Clearside Biomedical announced that its phase 2b ODYSSEY trial of CLS-AX (axitinib injectable suspension) for the treatment of wet age-related macular degeneration (AMD) achieved its primary and all secondary endpoints.

In the trial, patients treated with suprachoroidal CLS-AX showed stable best corrected visual acuity (BCVA) and maintained ocular anatomy (central subfield thickness) up to 6 months, comparable to those treated with aflibercept. CLS-AX also demonstrated a well-tolerated safety profile over the 36-week trial, including mandatory re-dosing at Week 24.
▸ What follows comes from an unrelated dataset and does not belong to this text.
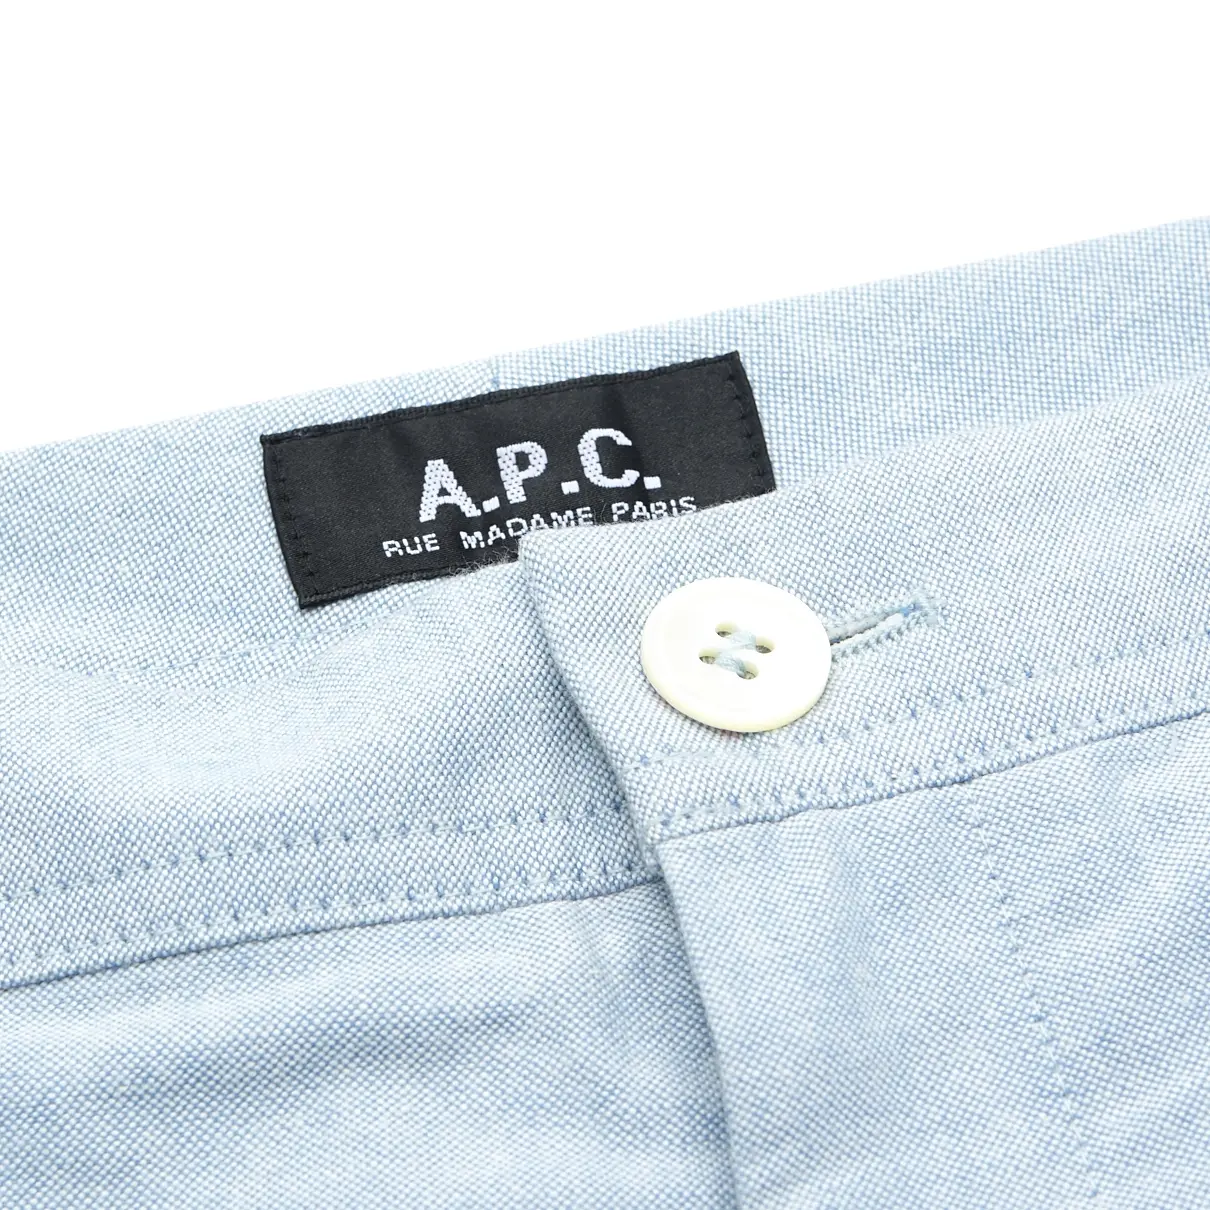 Buy APC Pants online

"We are thrilled with the positive topline data from ODYSSEY," George Lasezkay, PharmD, JD, President and CEO of Clearside Biomedical, said in a company news release. "The results support advancing CLS-AX into phase 3 development and reinforce the benefits of delivering therapies via our proprietary SCS Microinjector. We were able to maintain stable BCVA while reducing the frequency of injections, with nearly 90% of participants avoiding additional treatment for up to 4 months and 67% for 6 months."
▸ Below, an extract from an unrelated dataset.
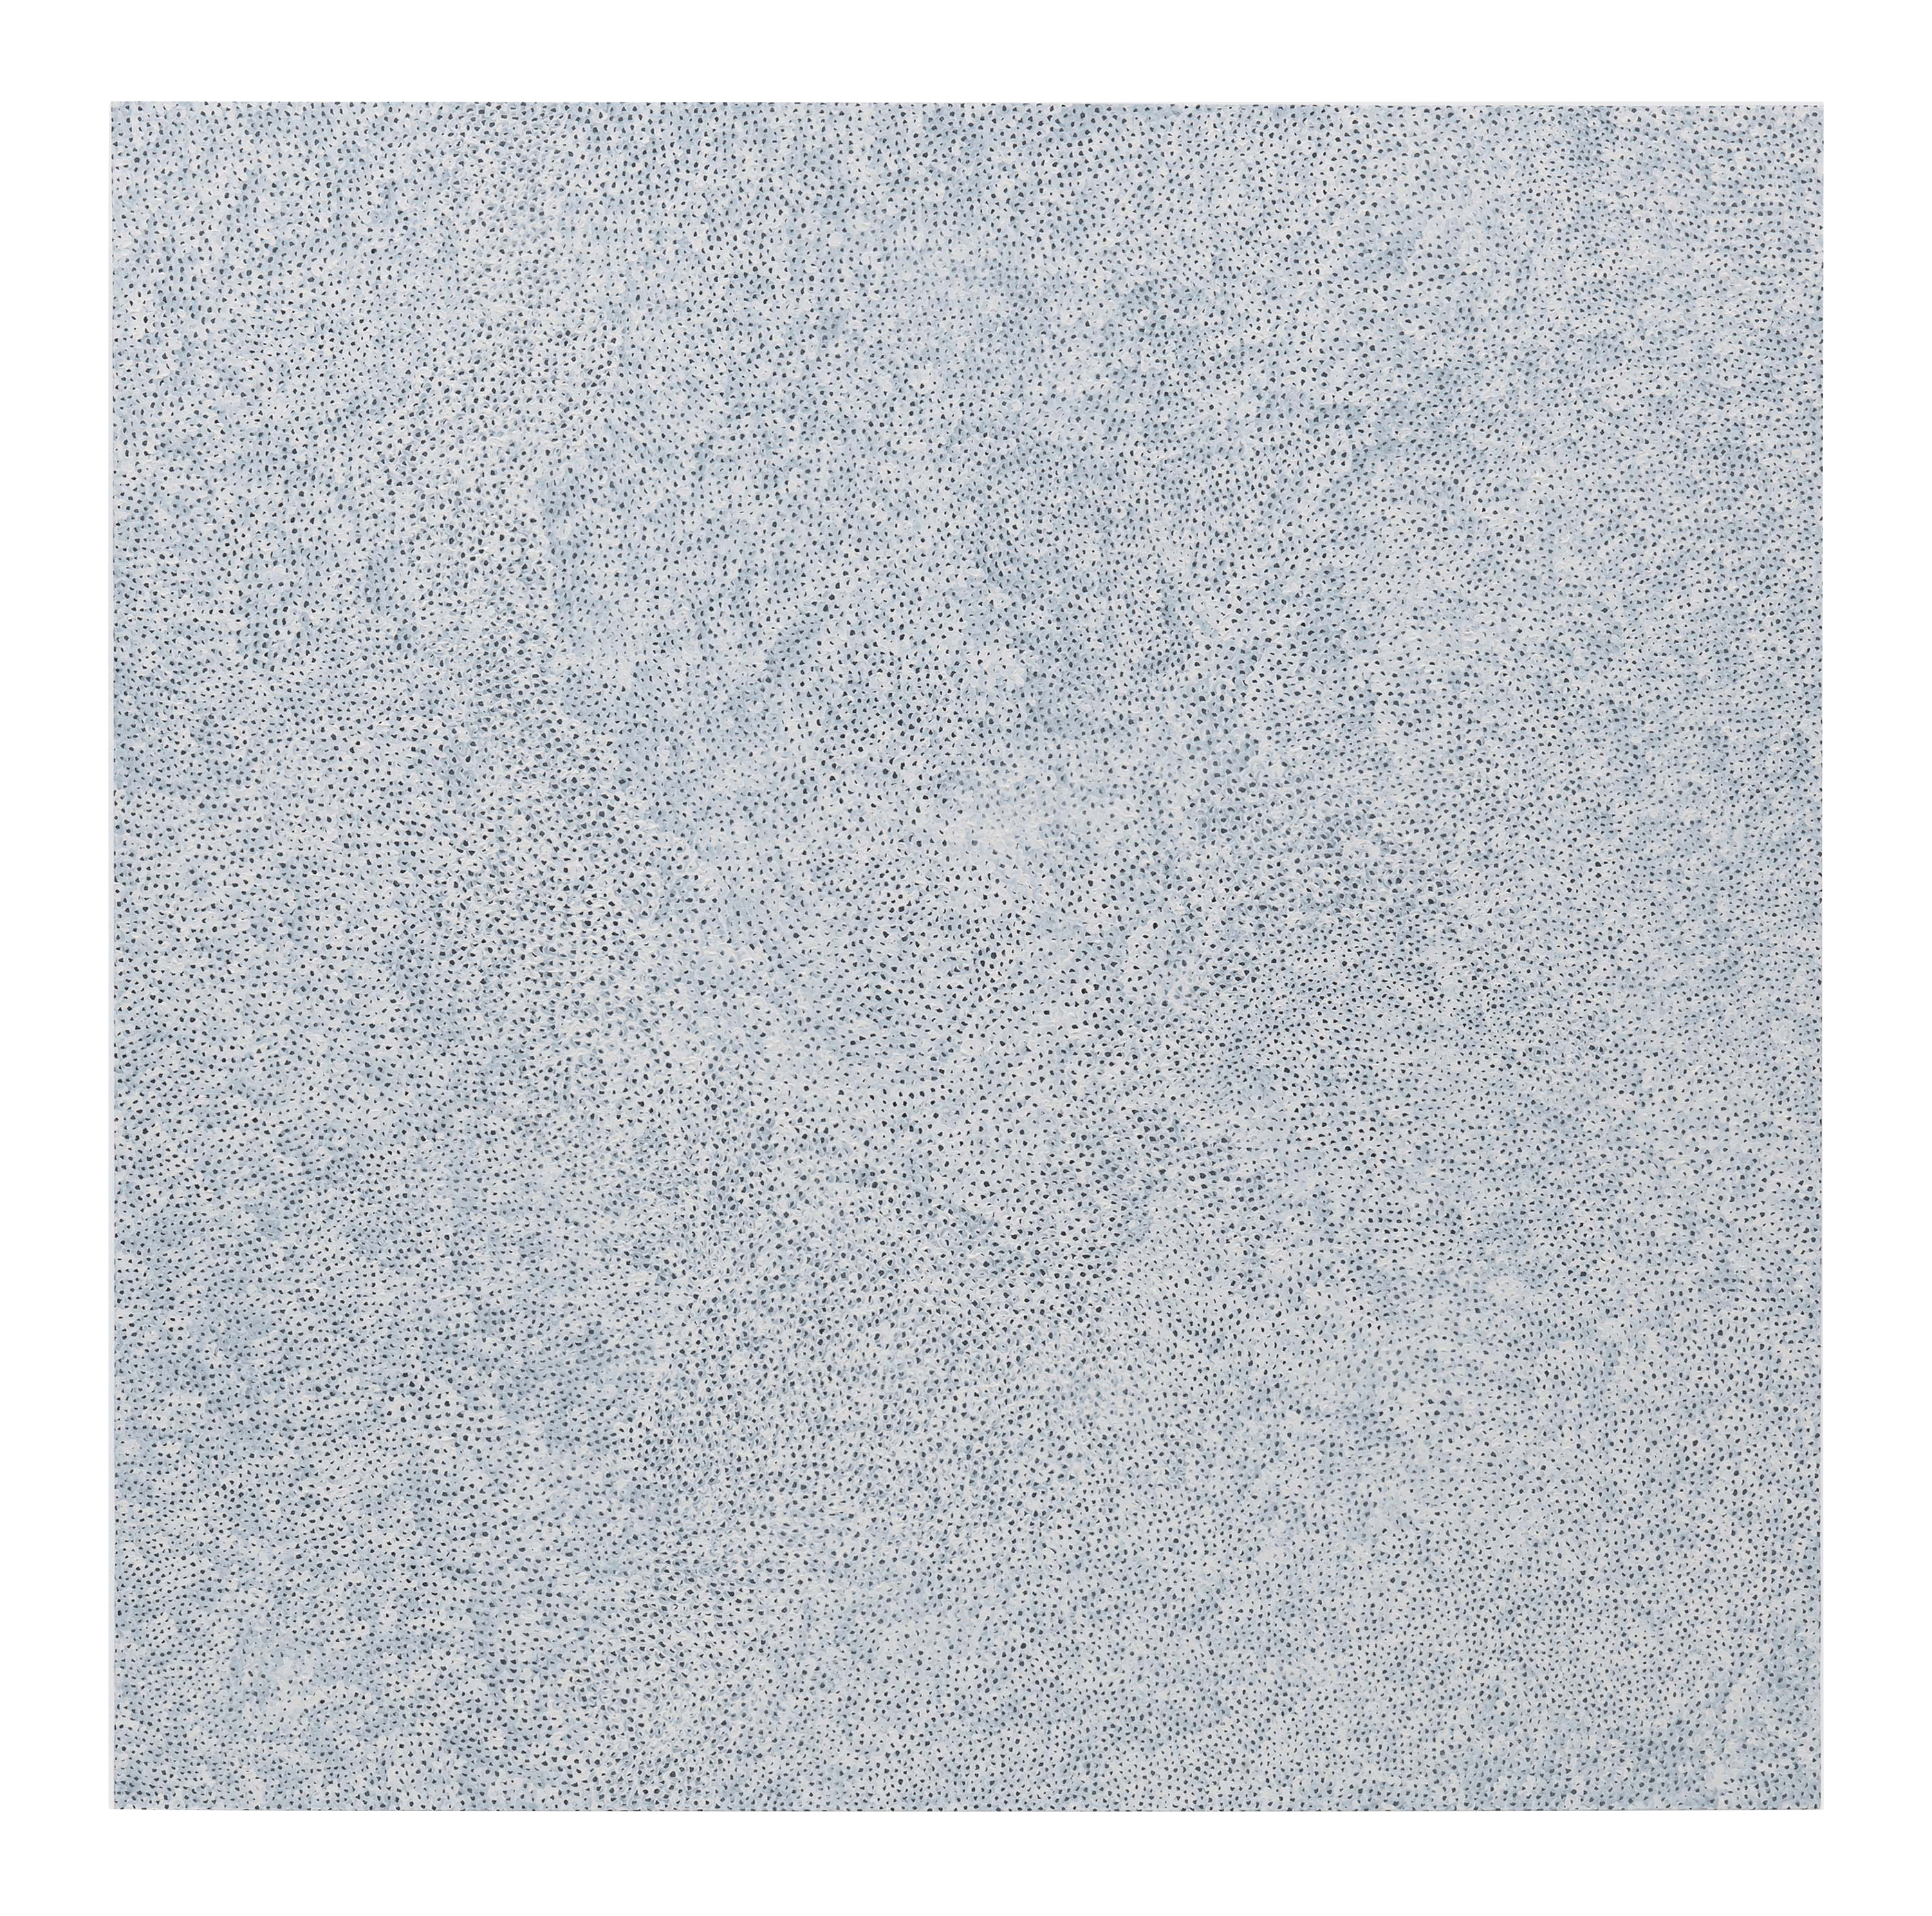 Yayoi Kusama Iinfinity-nets (KFMRB), 2018, Painting, Acrylic on canvas, 162.6 x 161.9 (cm), 64.0 x 63.7 (inch), USD 3,000,001 – 4,000,000 at David Zwirner

"The trial showed that CLS-AX could be flexibly dosed from 12 to 36 weeks, offering the potential for longer-lasting treatment with fewer injections, thanks to the pan-VEGF blockade of axitinib," said Dr. Victor Chong, Clearside's Chief Medical Officer.

ODYSSEY Trial Overview

The randomized, double-masked phase 2b ODYSSEY trial enrolled 60 patients with wet AMD across multiple centers. Participants, previously treated with anti-VEGF therapy, were randomized to receive either CLS-AX (1 mg) or aflibercept (2 mg) over a 36-week period. The study measured BCVA, central subfield retinal thickness (CSRT), injection frequency, and safety.

Key Efficacy Results:

• BCVA Stability: Patients maintained stable BCVA through Week 36
• Anatomical Stability: Central subfield thickness remained stable
• Durability: 90% of CLS-AX-treated patients required no additional treatment up to 16 weeks; 67% up to 24 weeks
• Reduced Injection Burden: CLS-AX participants experienced an 84% reduction in injection frequency compared to pre-study treatment regimens

Safety Results:

• No Serious Ocular Adverse Events: No cases of endophthalmitis, retinal vasculitis, or procedure-related complications were reported.
• Comparable Discontinuation Rates: Both treatment groups exhibited similar discontinuation rates

Clearside Biomedical plans to advance CLS-AX into phase 3 clinical development. Further data from the ODYSSEY trial will be shared in upcoming medical conferences.